Нажмите на кнопку упорядочить, которая приведет пользователя на новый экран с кнопкой загрузки файлов. Нажмите на кнопку и выберите нужное место для сохранения выходного файла. Выходной файл будет отображаться как исходное имя файла с расширением _organized, добавленным к имени файла.
В присутствии FUDR черви, которых кормили различными бактериями, имели более последовательный размер тела, что позволяло более равномерно и точно обнаруживать червей, тем самым решая проблему переполненности. Замораживание червей улучшило обнаружение агрегатов polyQ за счет устранения фоновой флуоресценции, а также точность автоматического подсчета, сопоставимую с ручным подсчетом. Инвертированное яркое освещение использовалось для обнаружения всего канала C.elegans и GFP для изображения агрегатов polyQ YFP.
Обнаружение, распутывание червей и агрегированная количественная оценка для каждого червя были выполнены путем применения оптимизированного конвейера обработки изображений CellProfiler, который позволяет получить количество агрегатов на одного отдельного червя. Разница между эффективностью автоматизированной агрегированной количественной оценки и использованием конвейера CellProfiler была минимальной, что указывает на то, что автоматизированный метод может быть применен к крупномасштабным экранам.
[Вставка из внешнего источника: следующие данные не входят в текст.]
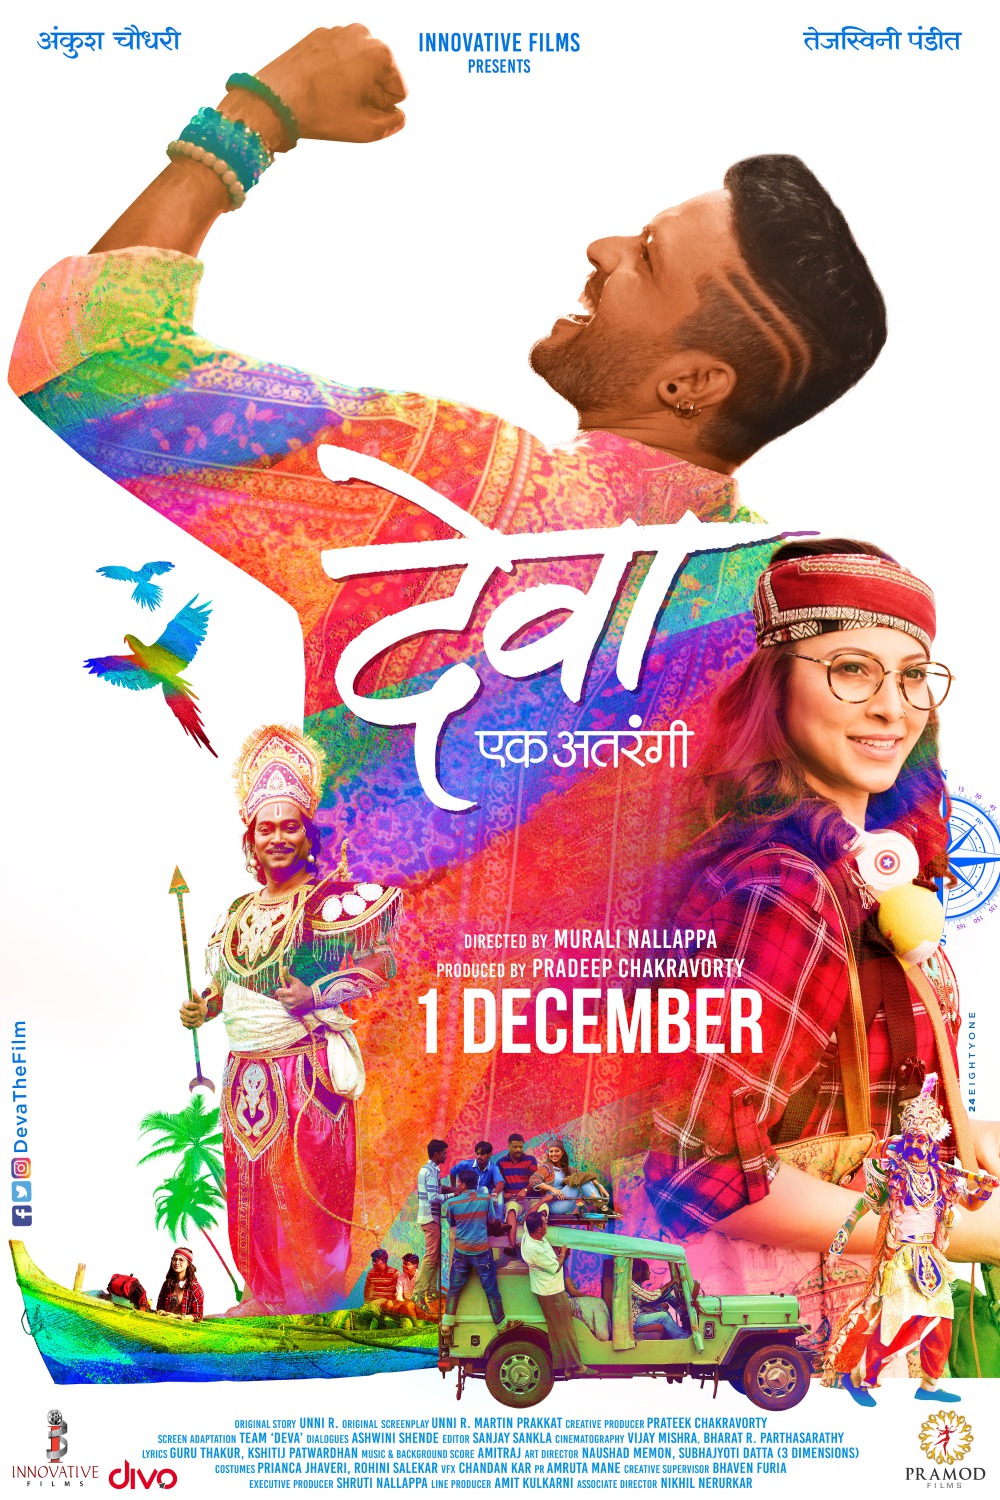 Extra Large Movie Poster Image for Deva Ek Atarangee

Из 90 протестированных бактериальных штаммов колонизация кишечника C.elegans одним кандидатом показала значительное снижение количества агрегатов.
Эксперименты по подтверждению методом ручного подсчета показали, что ни один из мутантов, включая того, который значительно уменьшил количество агрегатов, не повлиял на агрегацию polyQ. Исследователи, решившие использовать эту структуру, должны понимать, что описанные шаги не являются абсолютными. Модификация и фундаментальное понимание того, как манипулировать CellProfiler, необходимы для успеха.
Дополнительные биохимические подходы, такие как вестерн-блоттинг, могут быть использованы для подтверждения агрегации polyQ.